SOURCE MATERIAL:

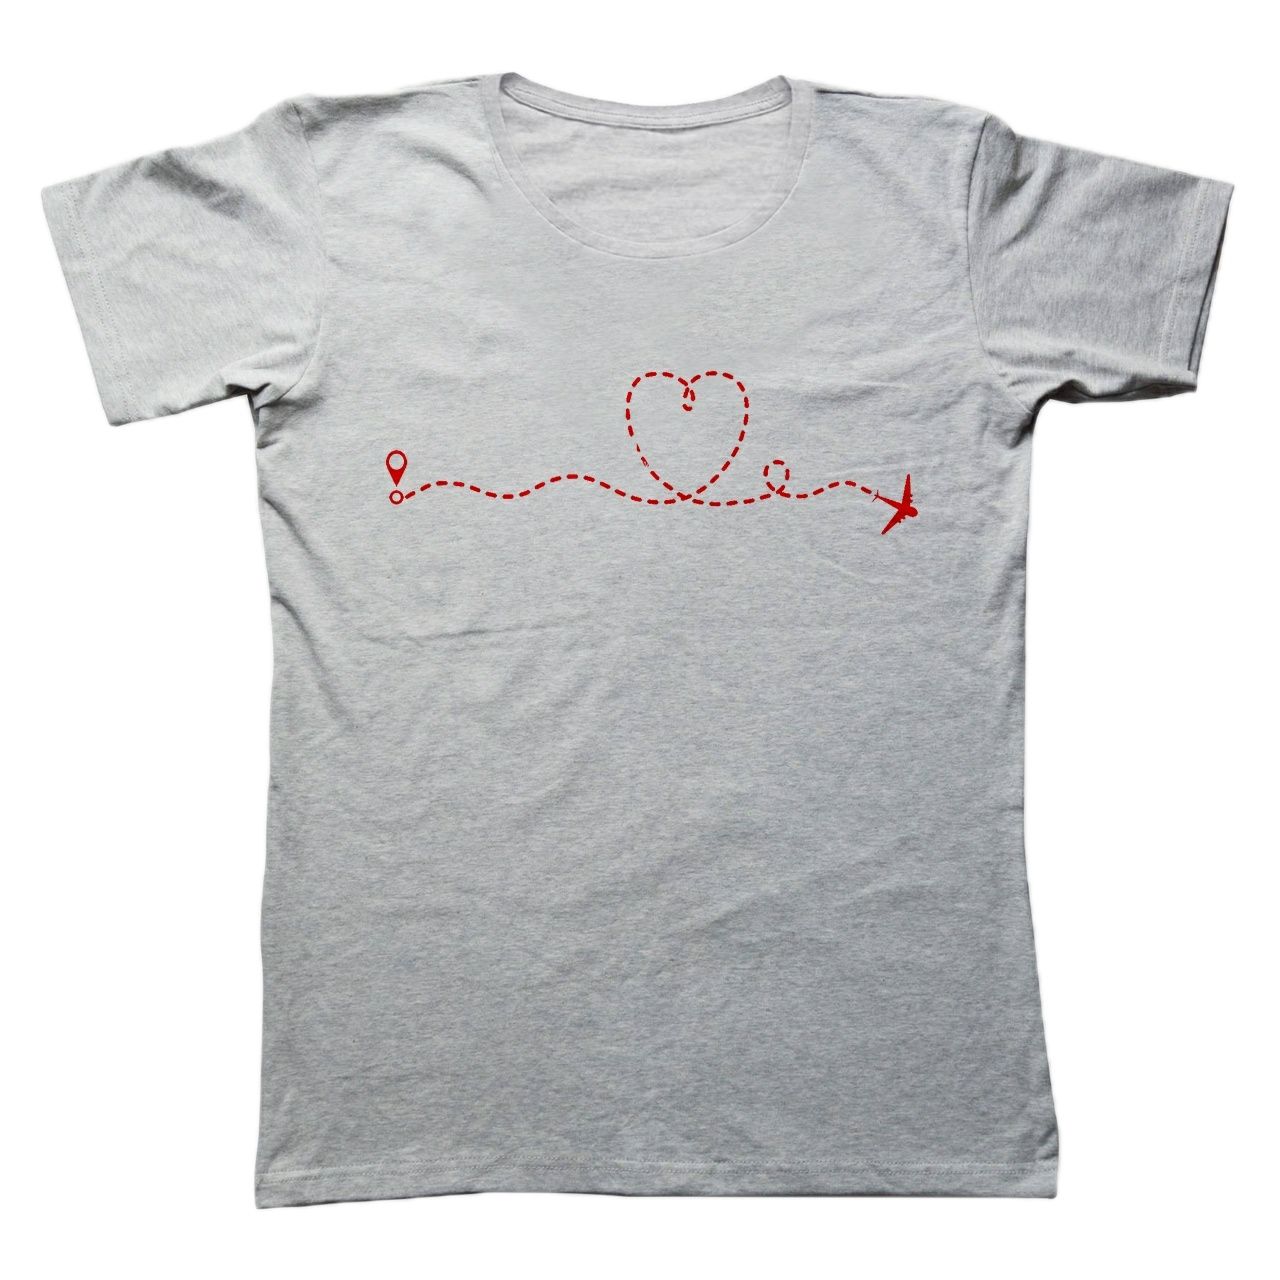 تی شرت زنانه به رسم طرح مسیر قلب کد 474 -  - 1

* * *

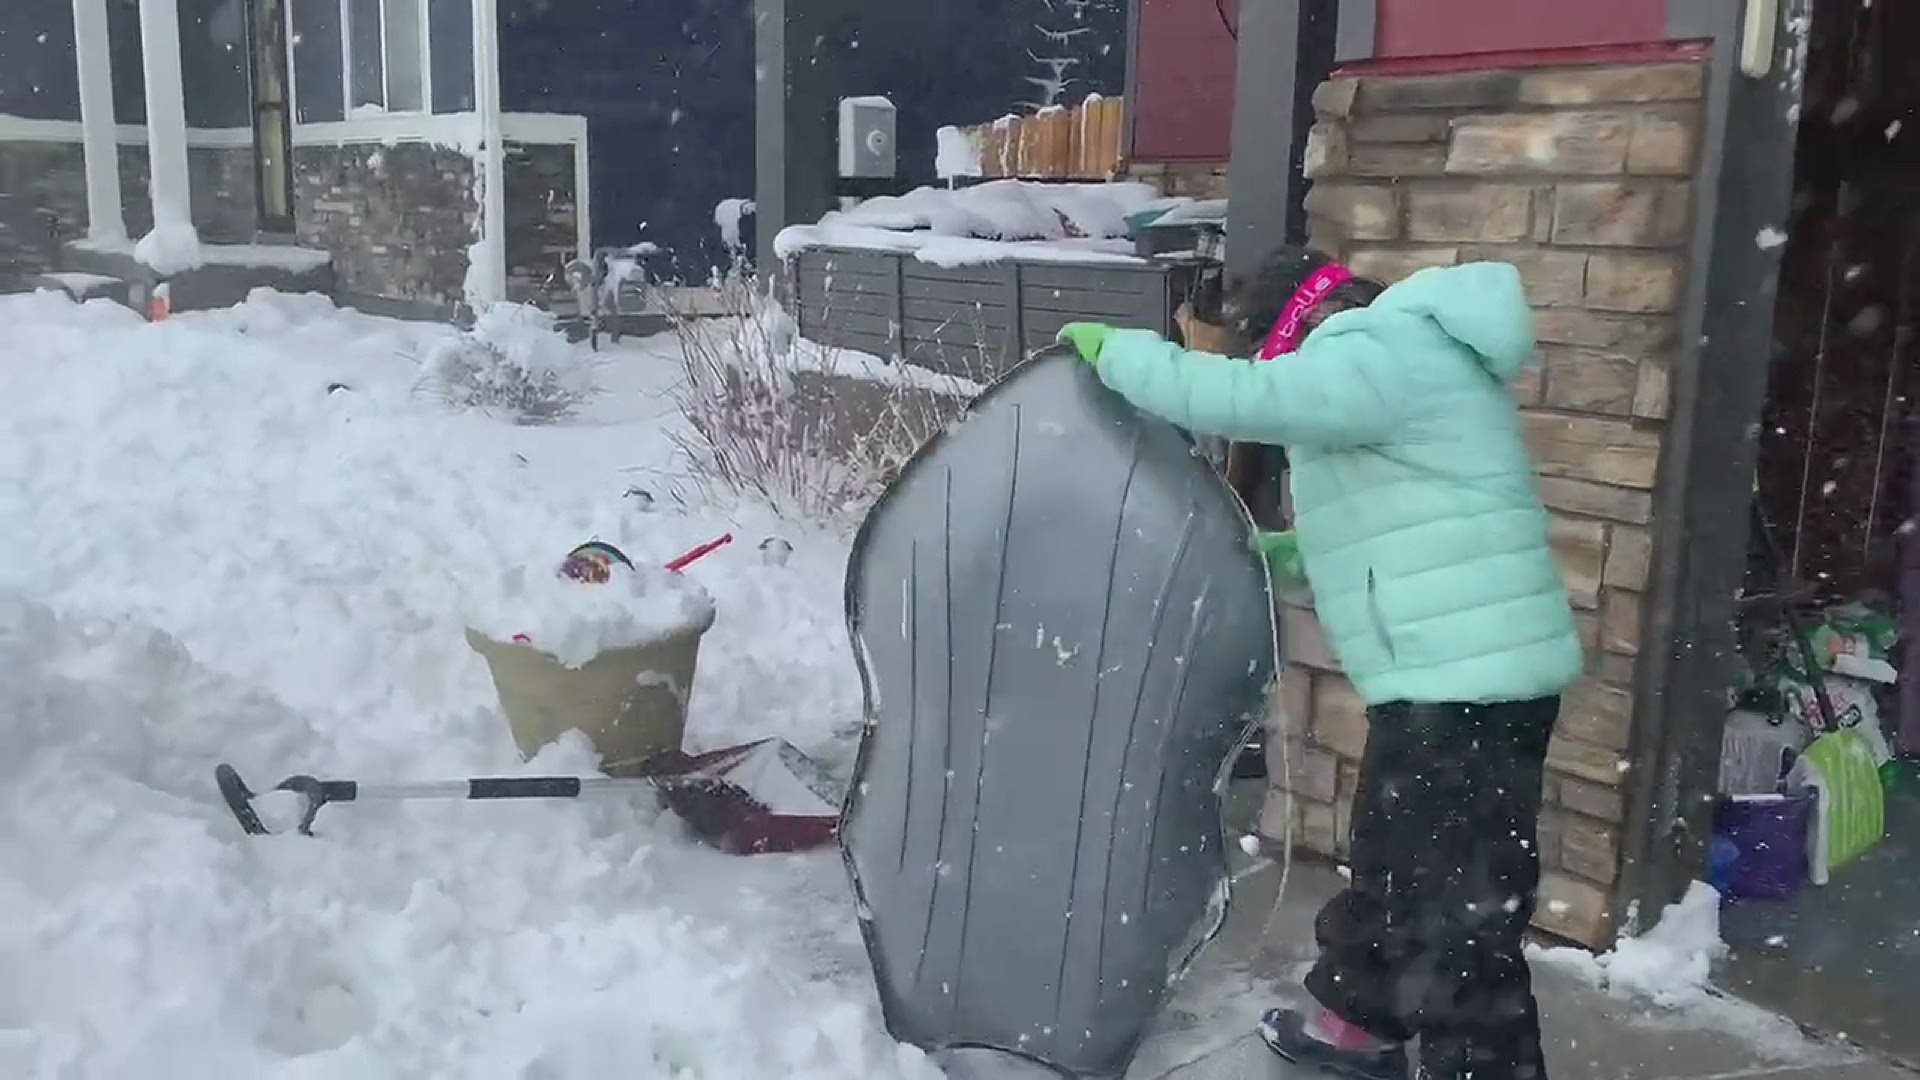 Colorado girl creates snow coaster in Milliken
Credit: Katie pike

PROBLEM DESCRIPTION: In the data above, find the line with "Colorado girl creates" and the line with "Credit: Katie pike". Please copy exactly those two lines and every line between them, but not the pictures.

RESULT OF THIS TASK:
 Colorado girl creates snow coaster in Milliken
Credit: Katie pike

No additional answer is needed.